__WHAT THE TASK REQUIRES__. An unchanged copy of all the lines below is expected, and it should contain no pictures.

__RECORDED DATA__.
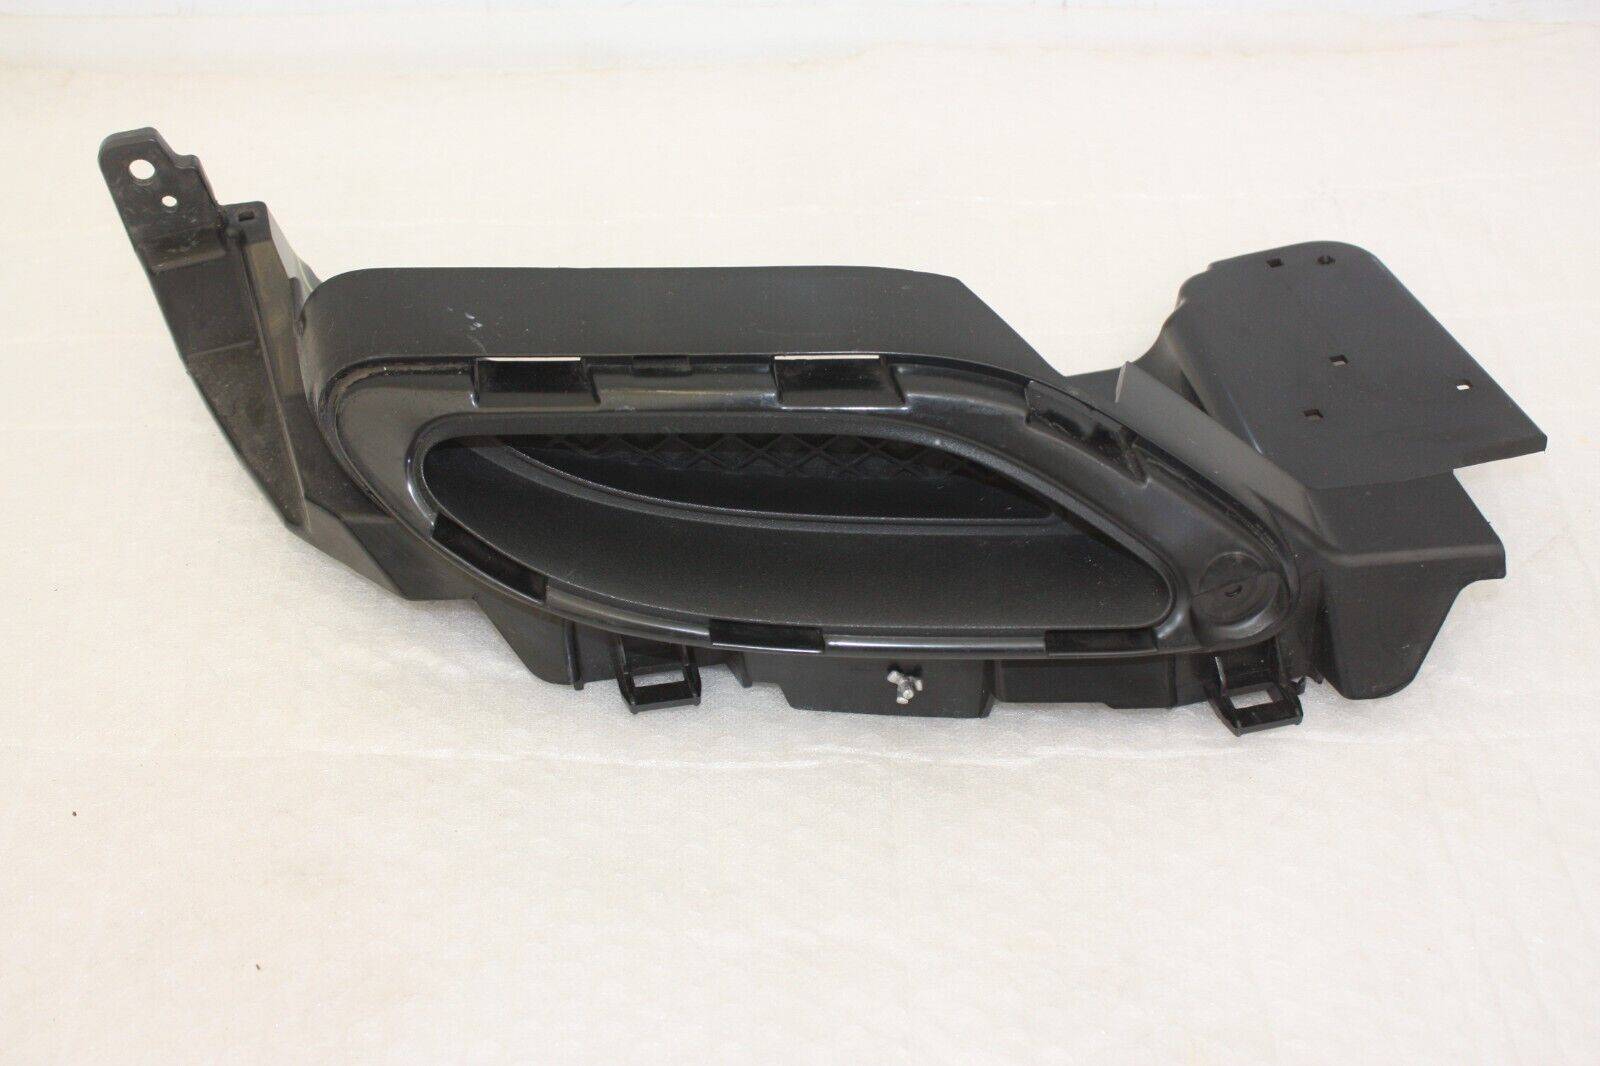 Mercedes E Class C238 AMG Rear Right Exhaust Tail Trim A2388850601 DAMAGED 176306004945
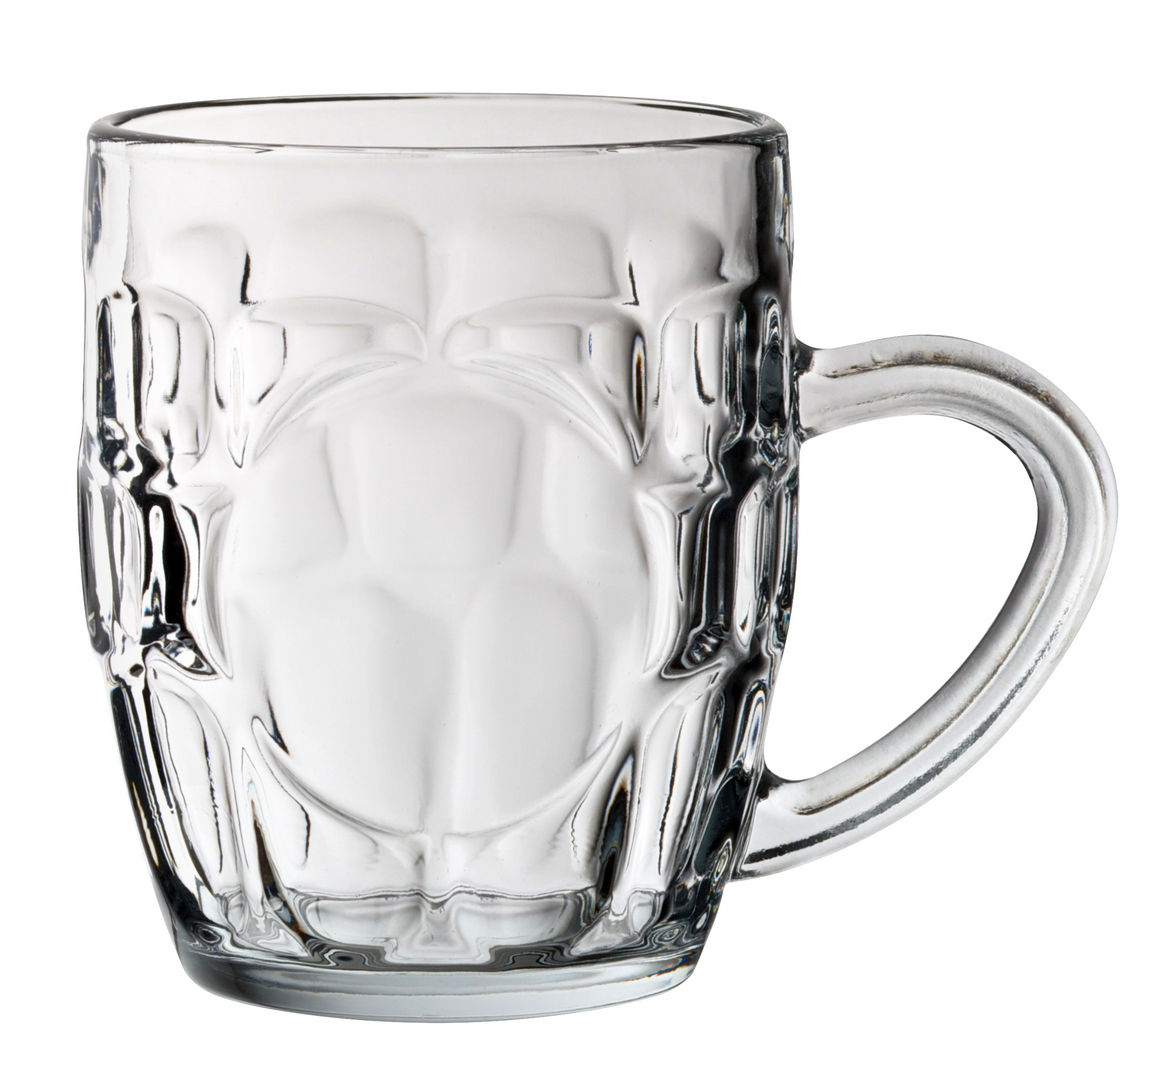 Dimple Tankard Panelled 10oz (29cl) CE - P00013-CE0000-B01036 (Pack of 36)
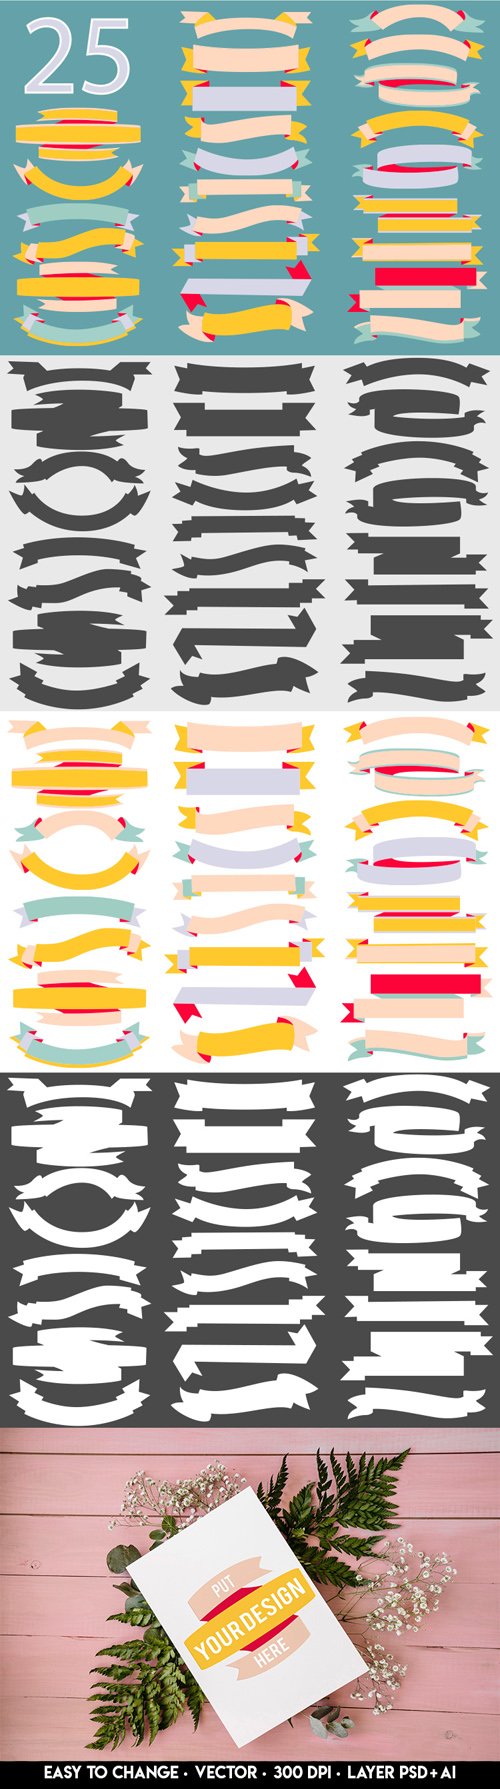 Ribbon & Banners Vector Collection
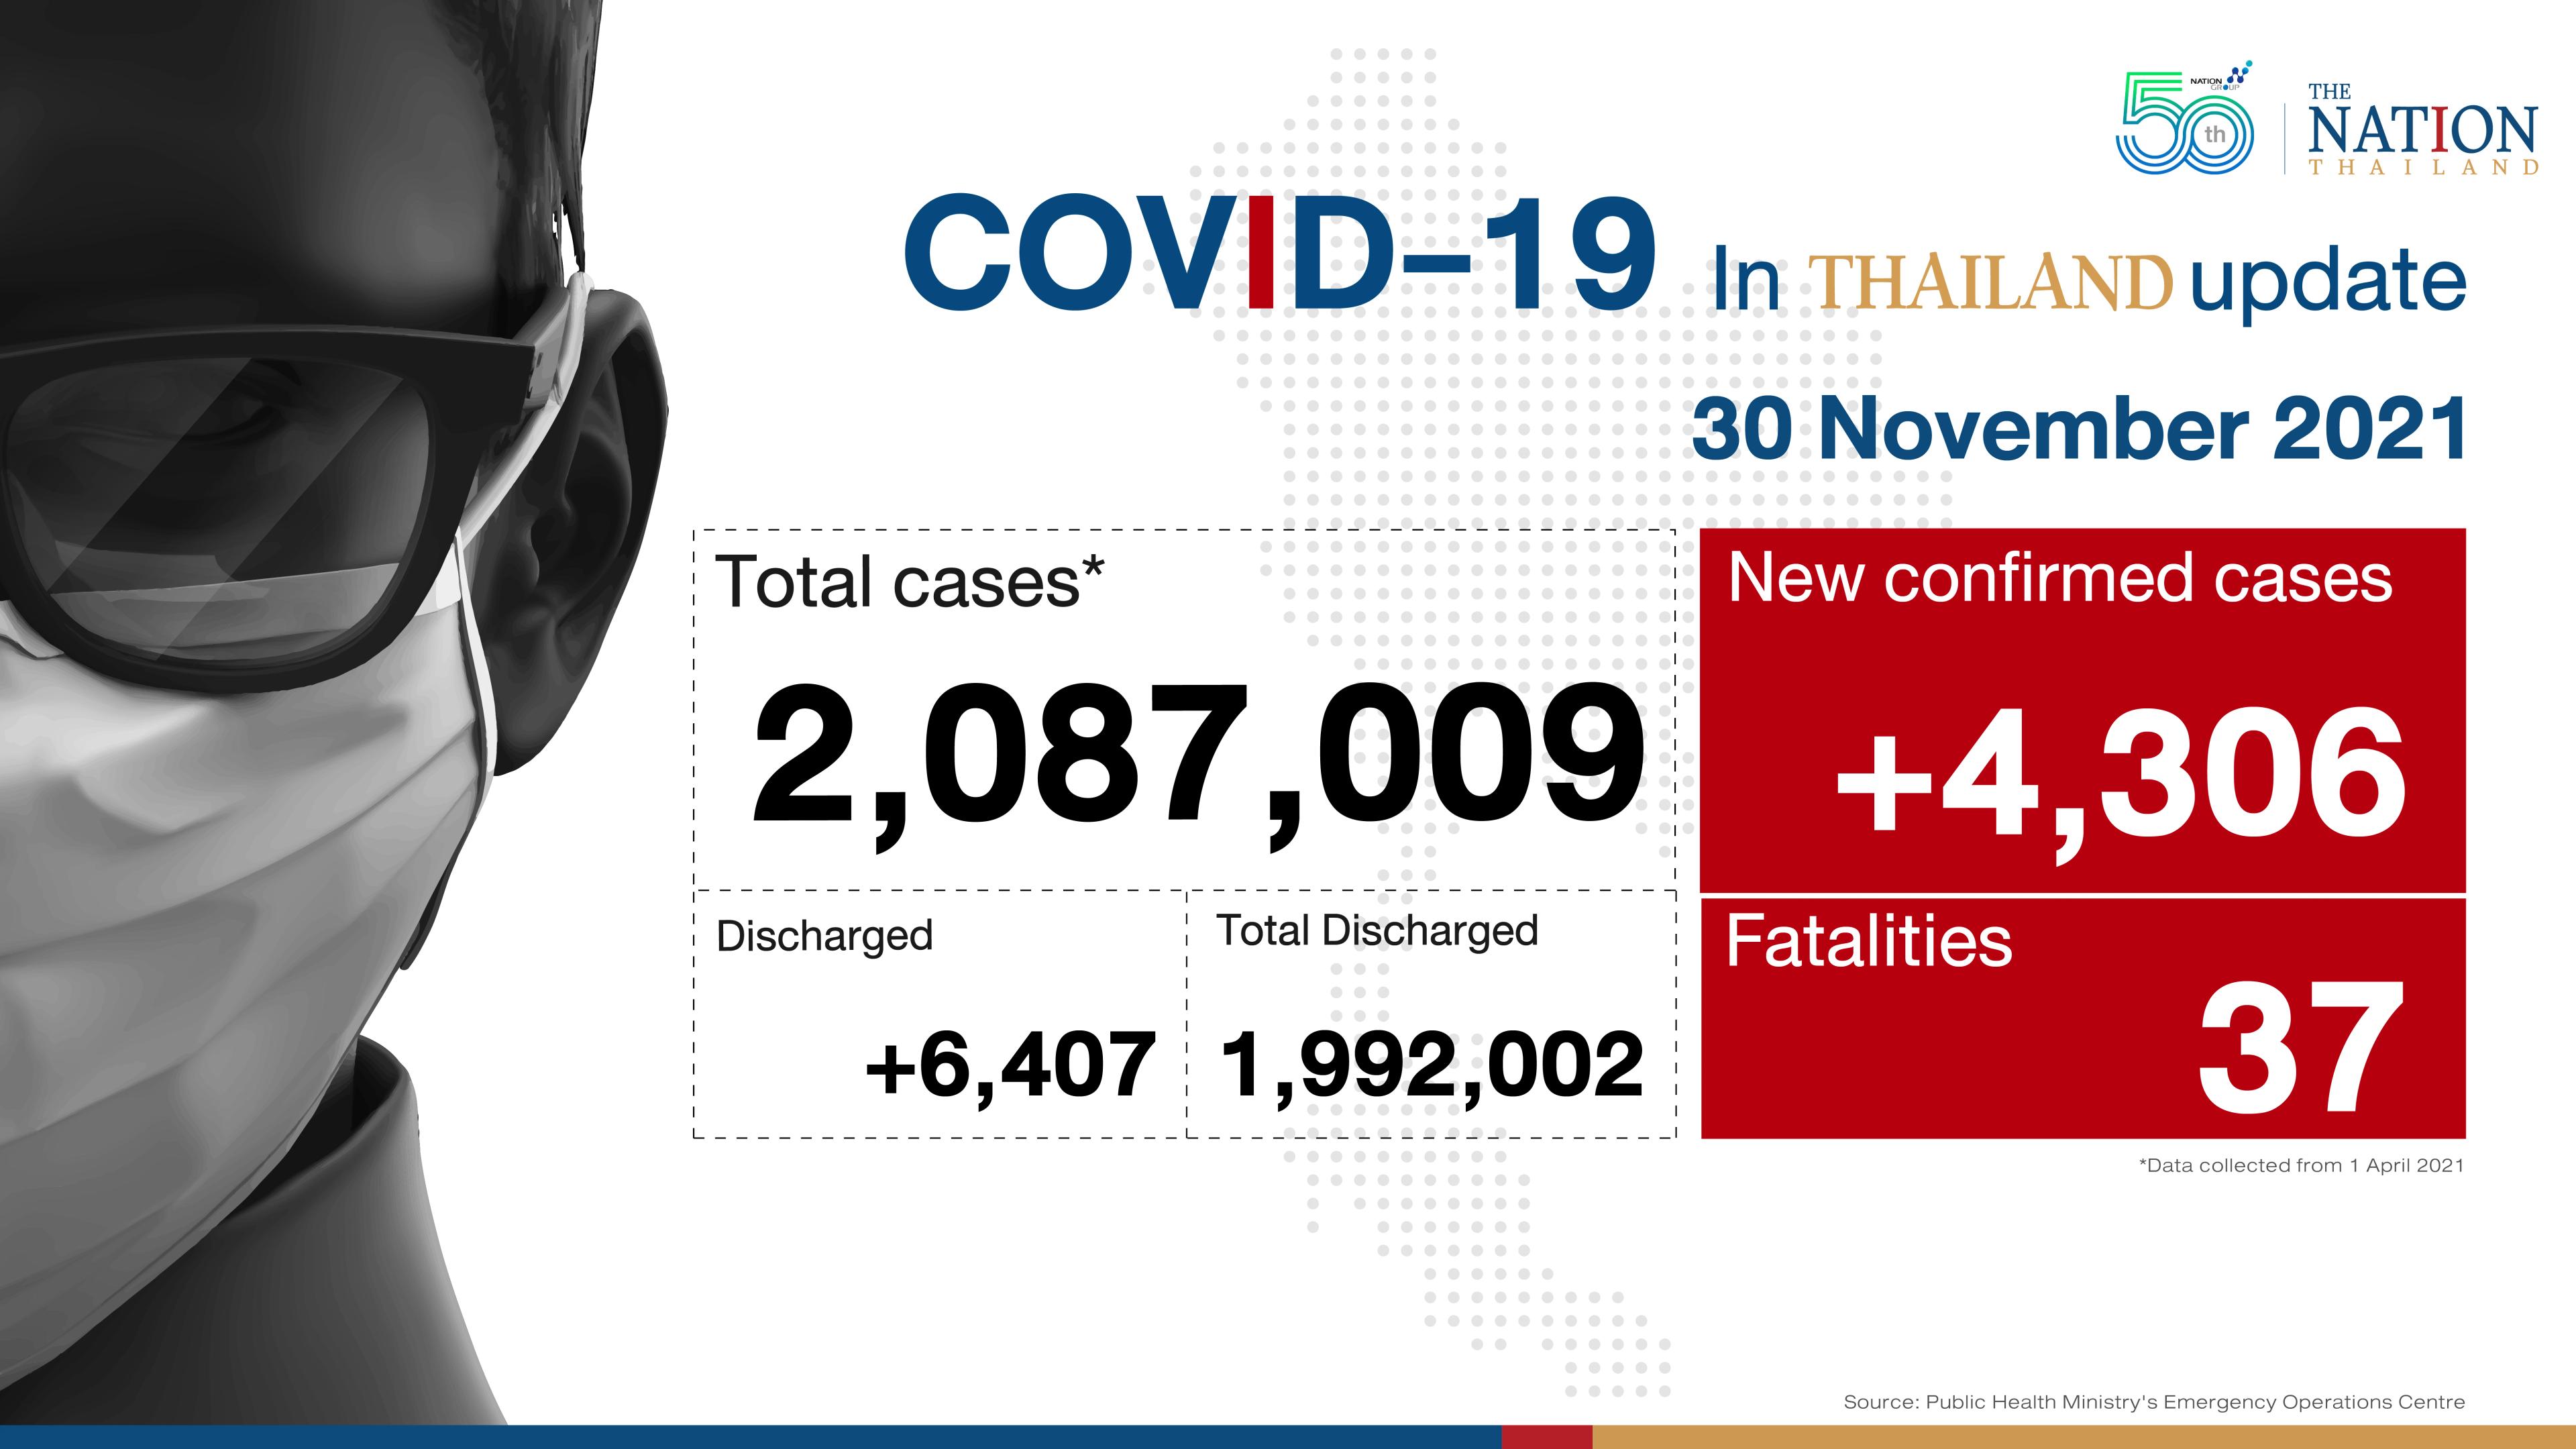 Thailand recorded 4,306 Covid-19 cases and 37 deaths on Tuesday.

__RESULT BELOW__.
 Mercedes E Class C238 AMG Rear Right Exhaust Tail Trim A2388850601 DAMAGED 176306004945
 Dimple Tankard Panelled 10oz (29cl) CE - P00013-CE0000-B01036 (Pack of 36)
 Ribbon & Banners Vector Collection
 Thailand recorded 4,306 Covid-19 cases and 37 deaths on Tuesday.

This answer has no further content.